MATERIAL PROVIDED START
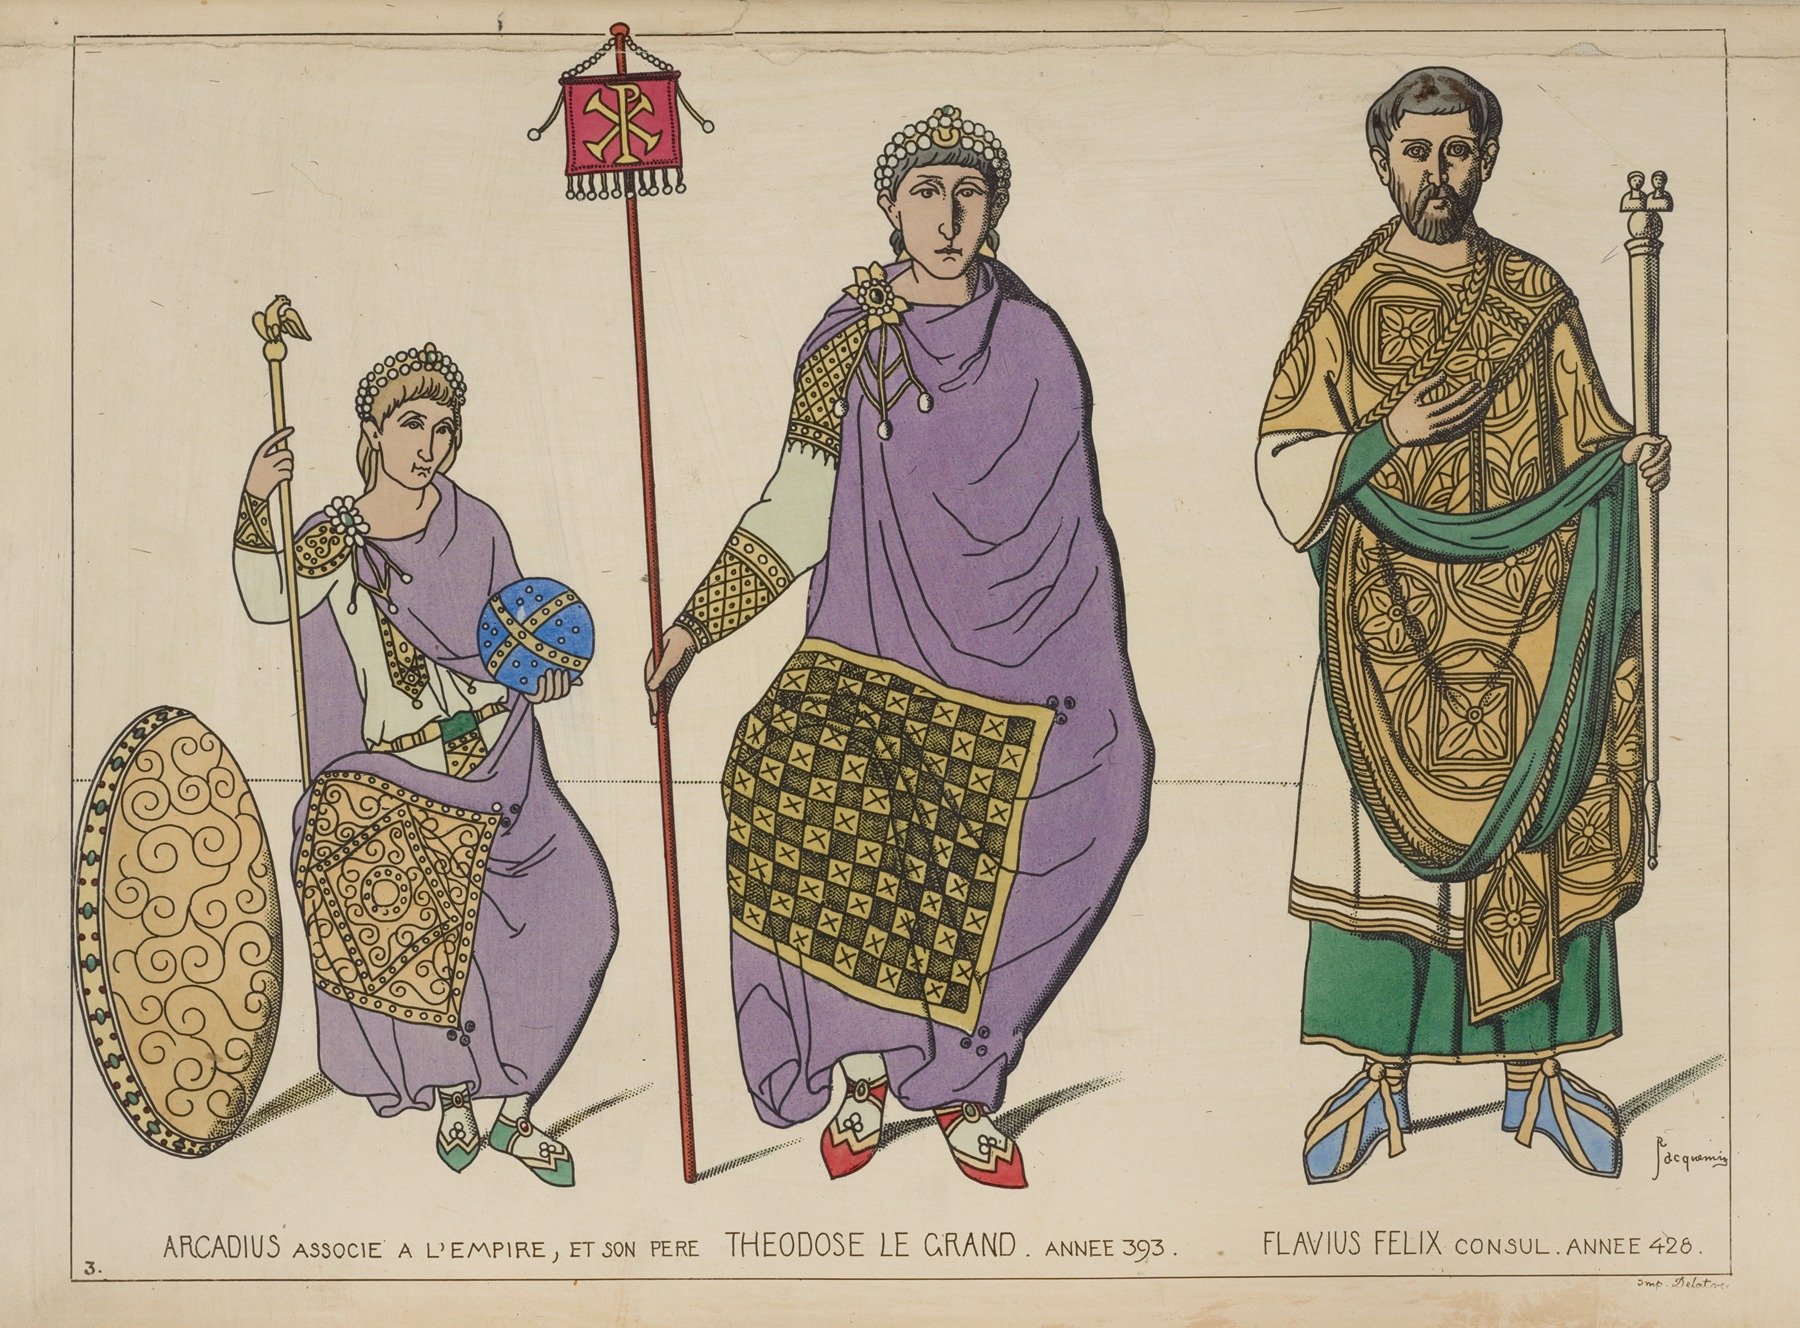 Raphaël Jacquemin - Arcadius associe a l’empire, et son pere Theodose Le Grand, annee 393. Flavius Felix consul, annee 428.
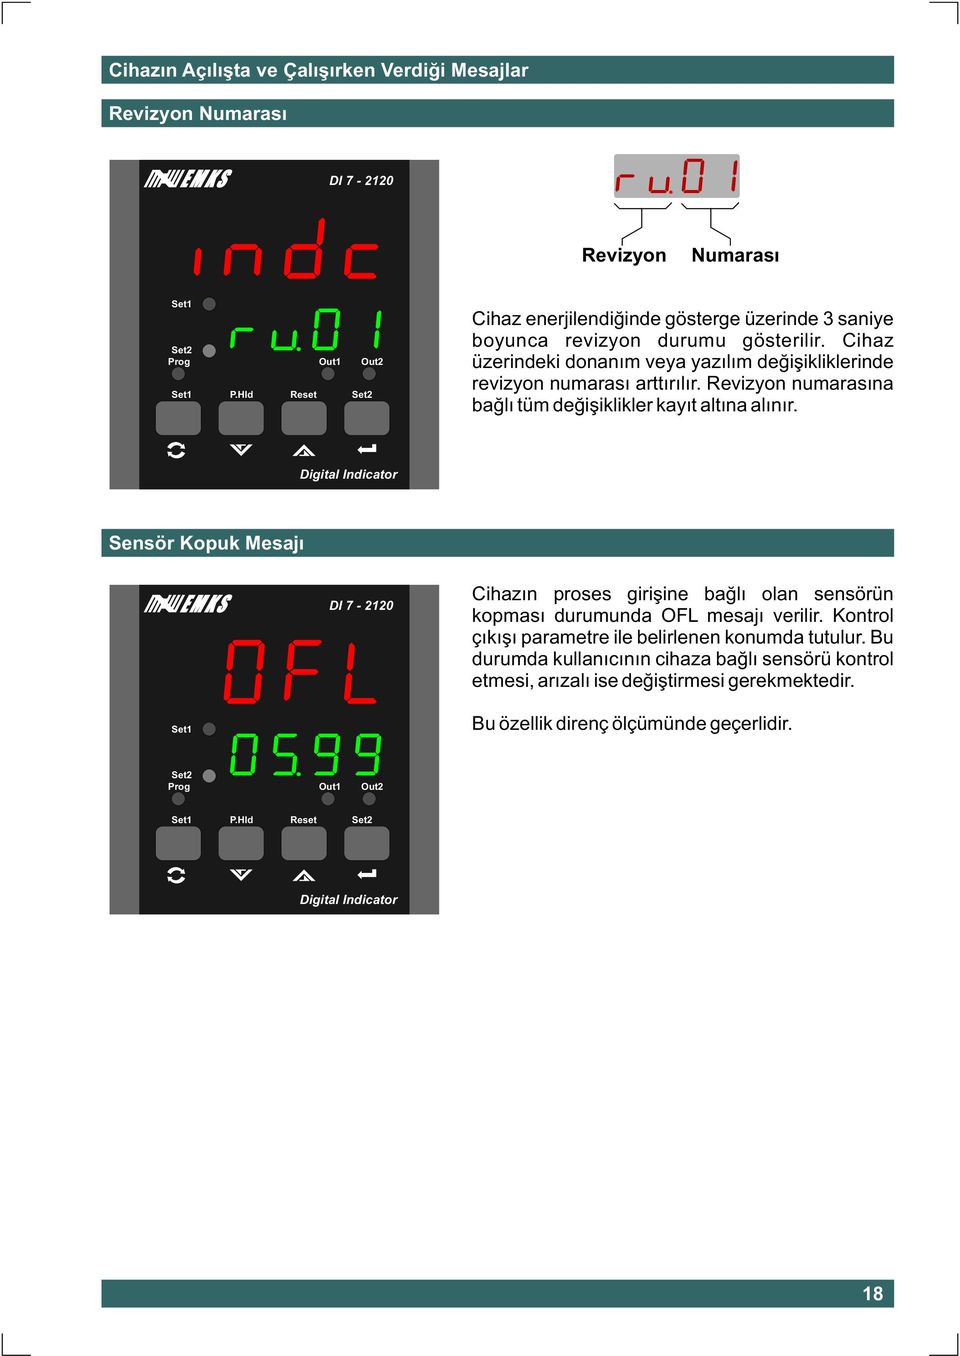 Digital Indicator Sensör Kopuk Mesajý DI 7-2120 Cihazýn proses giriþine baðlý olan sensörün kopmasý durumunda OFL mesajý verilir.
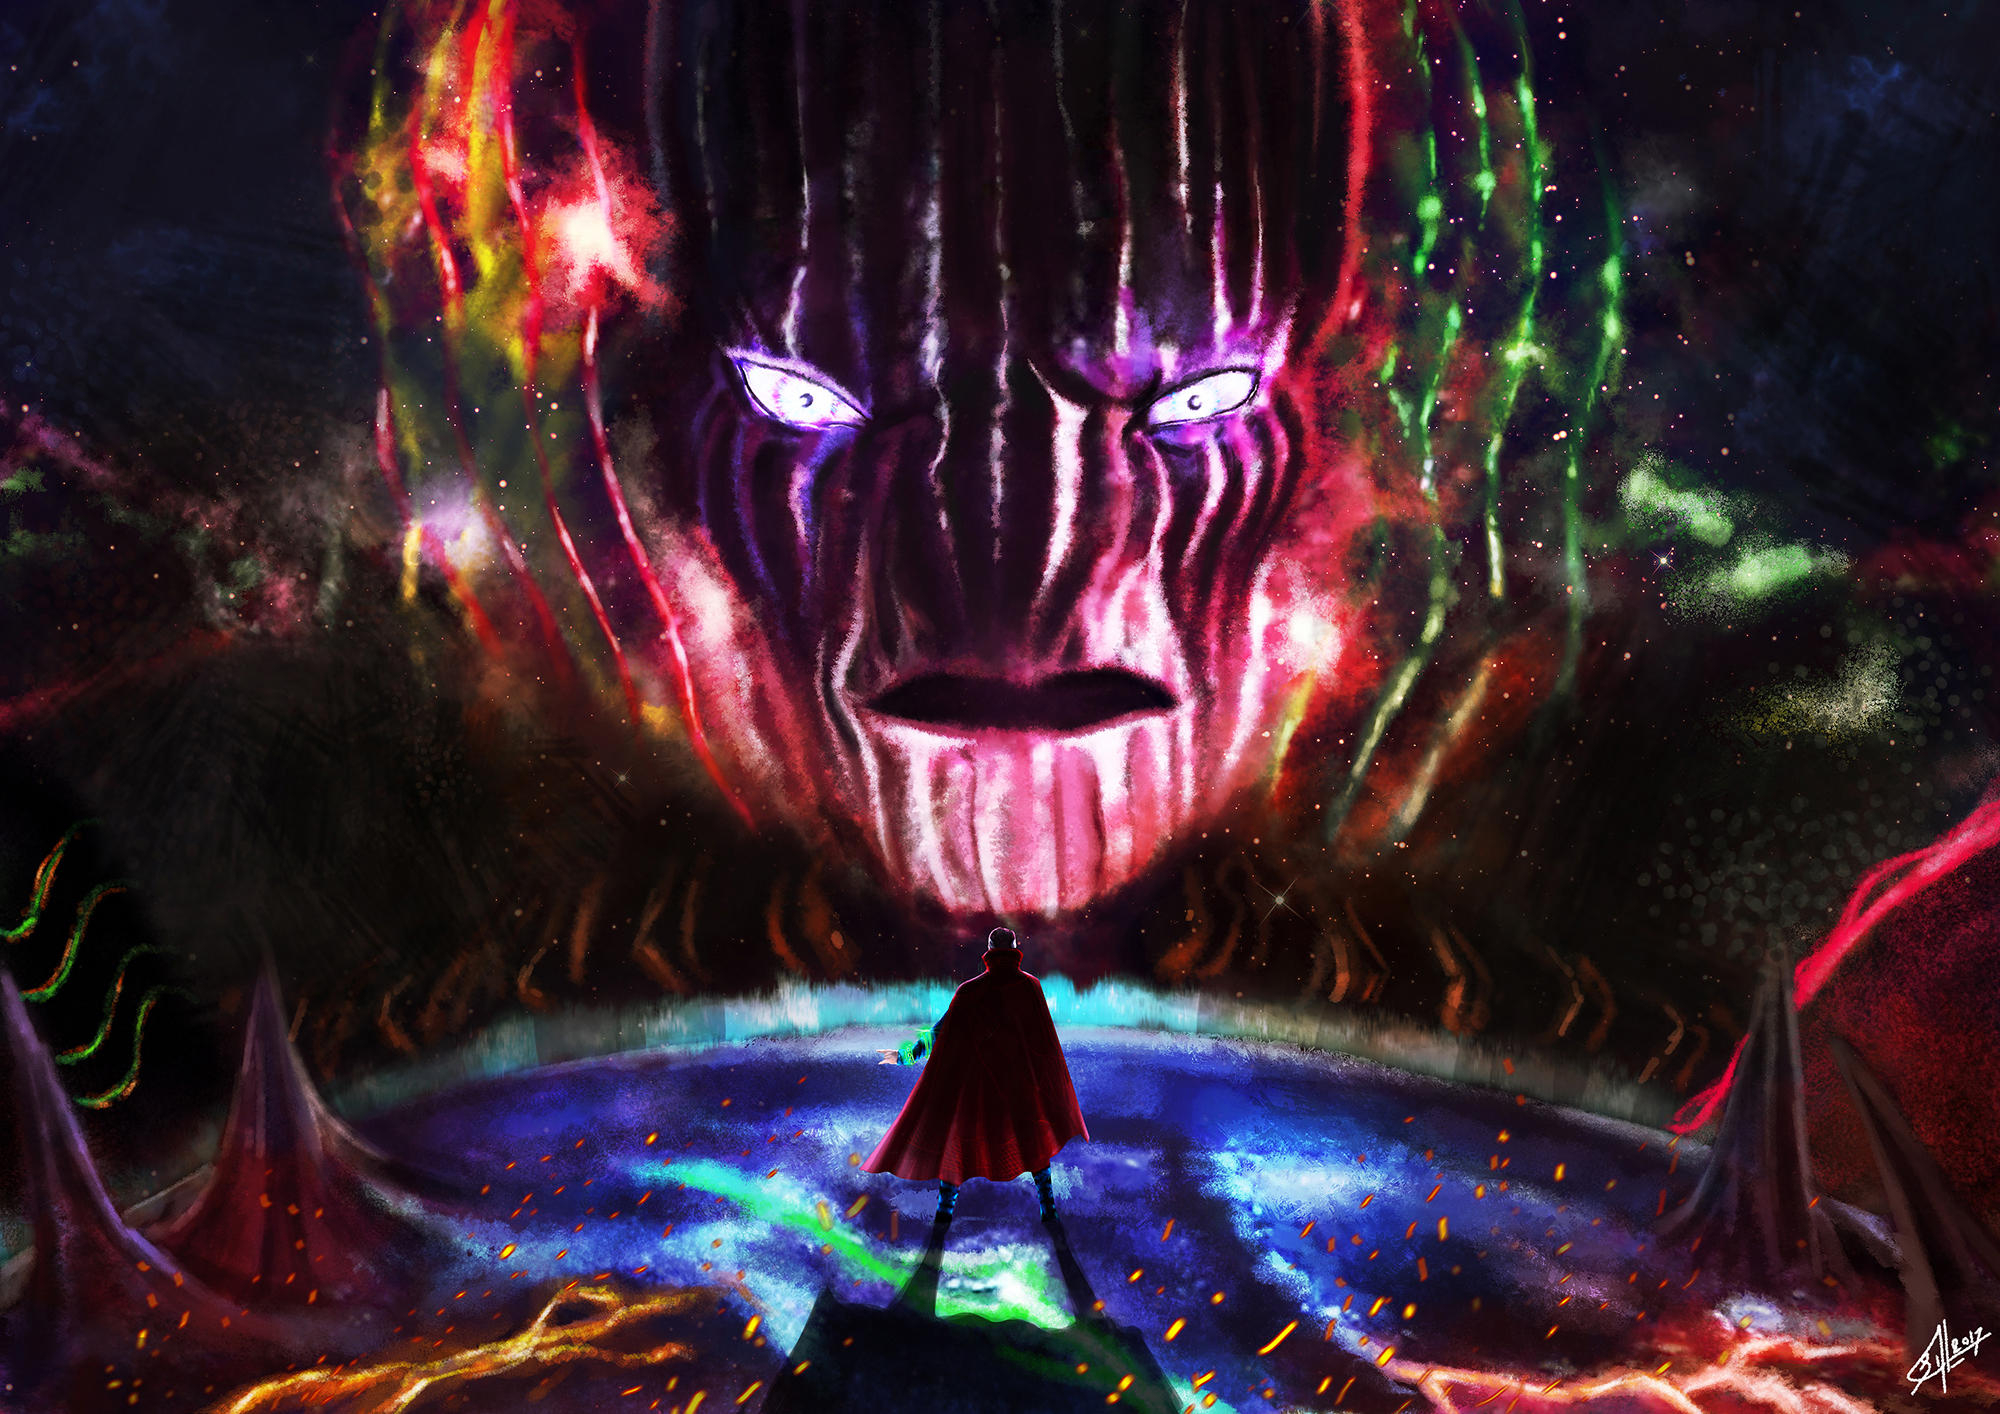 Marvel Doctor Strange Digital Art, HD Superheroes, 4k ...
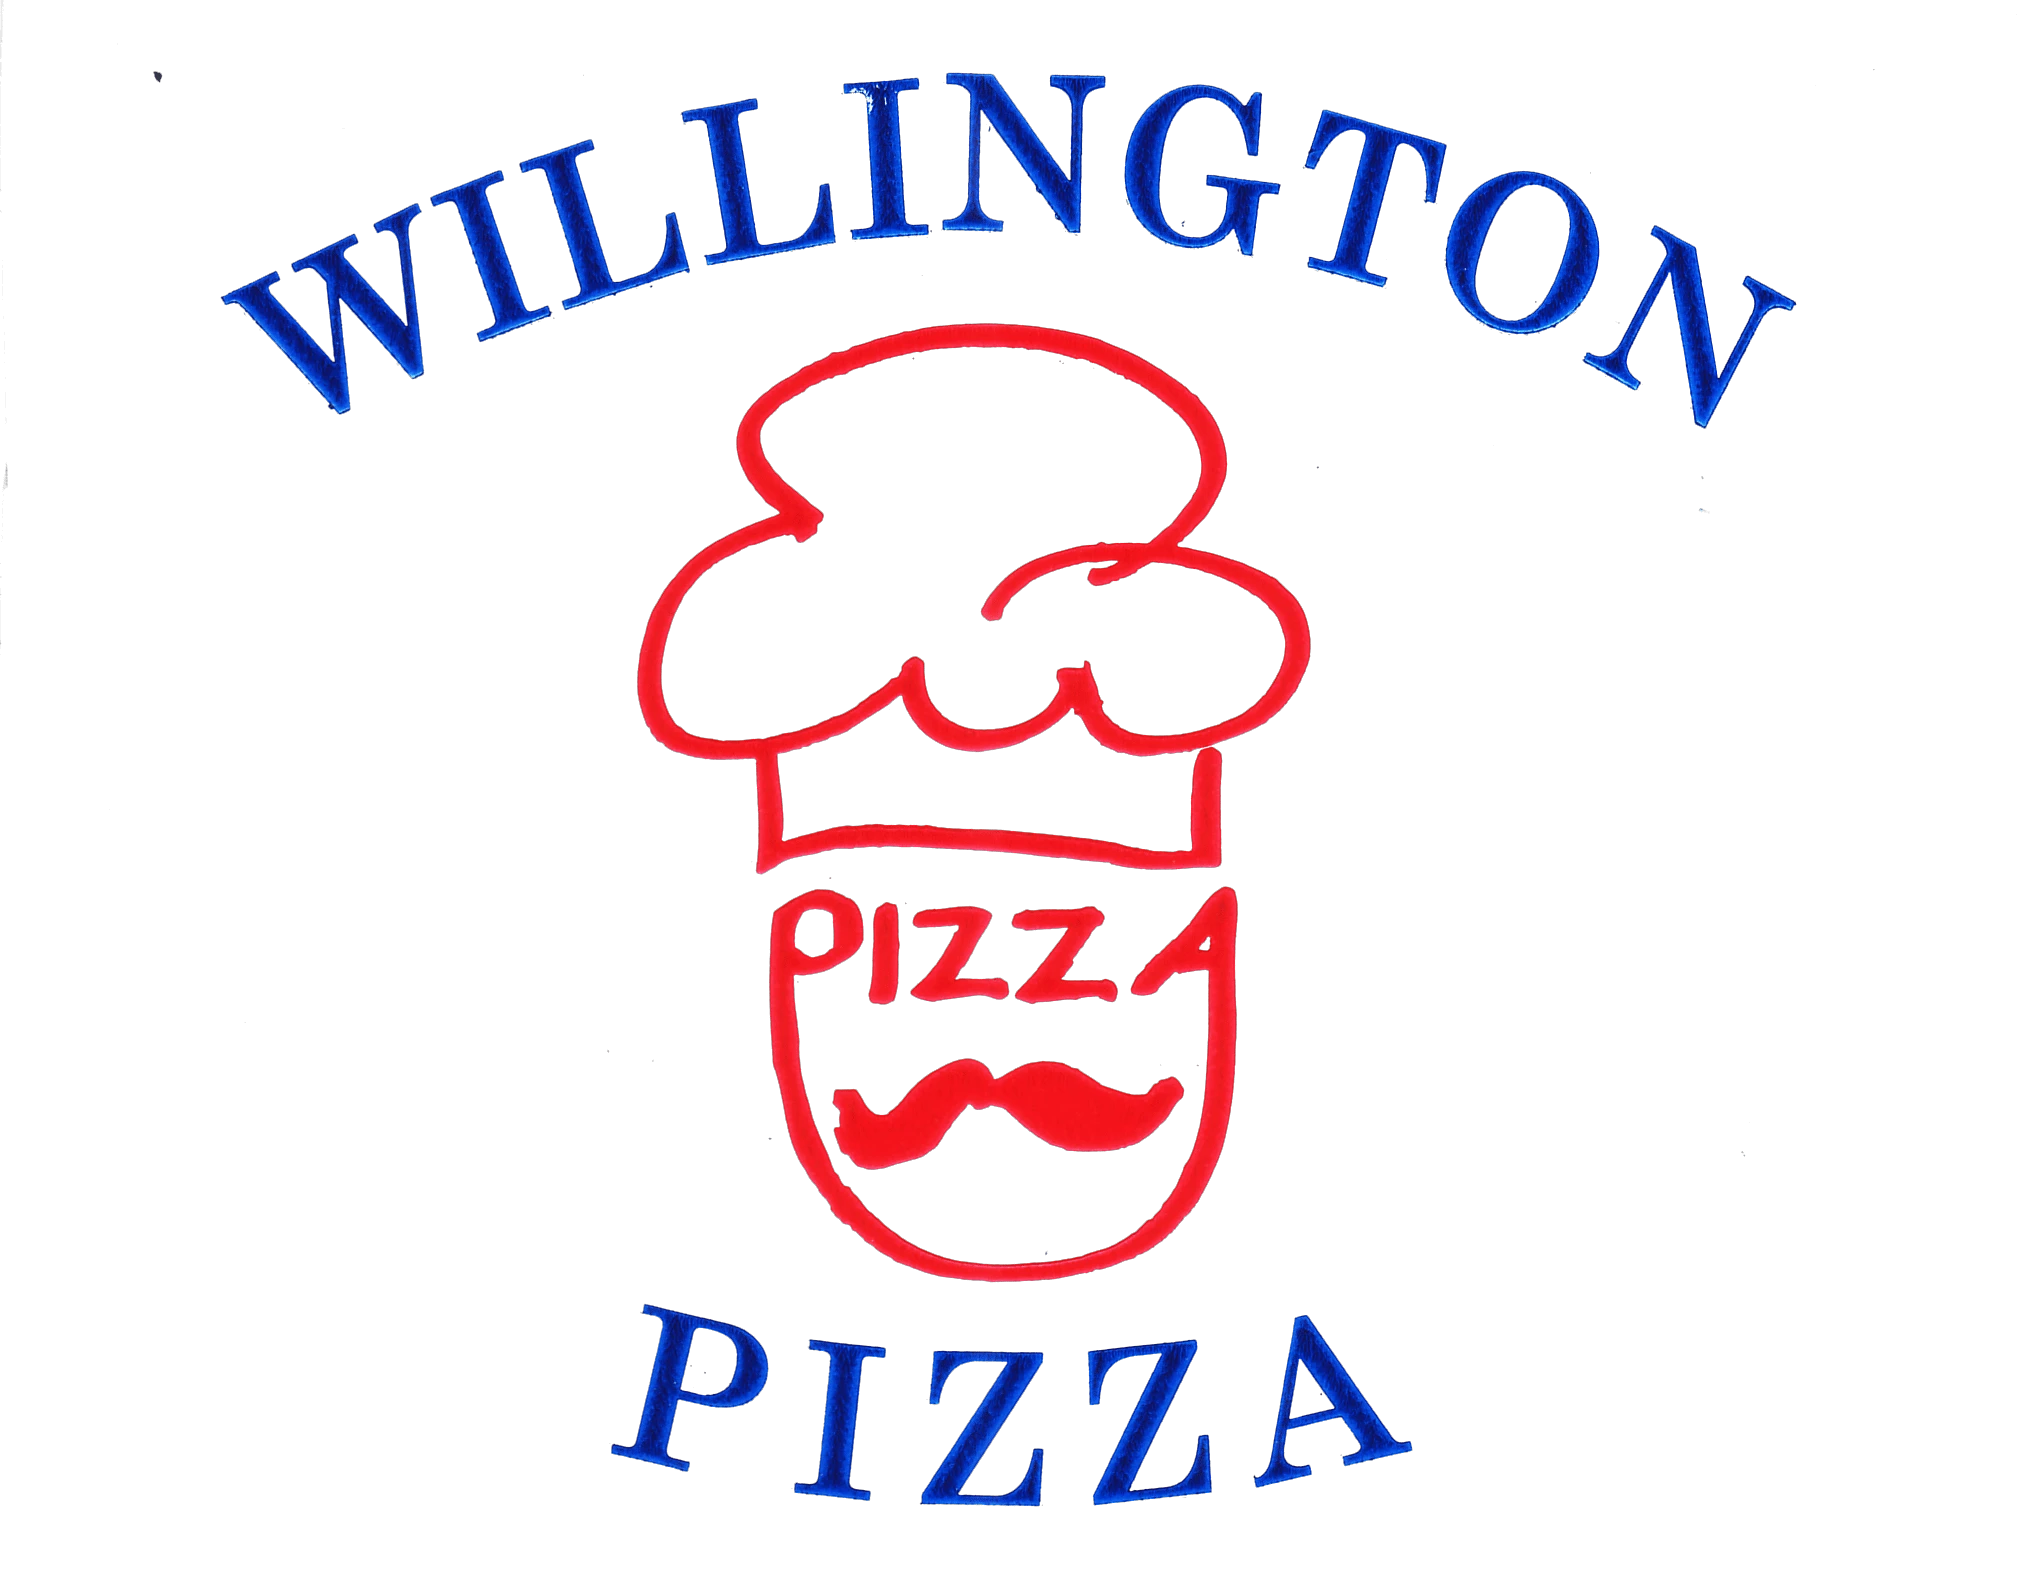 Willington Pizza promotions
MATERIAL PROVIDED END
## ASSIGNMENT
Leave the pictures out and output exactly the lines above, from the start of the listing through the line with "Digital Indicator Sensör".

## RESPONSE
 Raphaël Jacquemin - Arcadius associe a l’empire, et son pere Theodose Le Grand, annee 393. Flavius Felix consul, annee 428.
 Digital Indicator Sensör Kopuk Mesajý DI 7-2120 Cihazýn proses giriþine baðlý olan sensörün kopmasý durumunda OFL mesajý verilir.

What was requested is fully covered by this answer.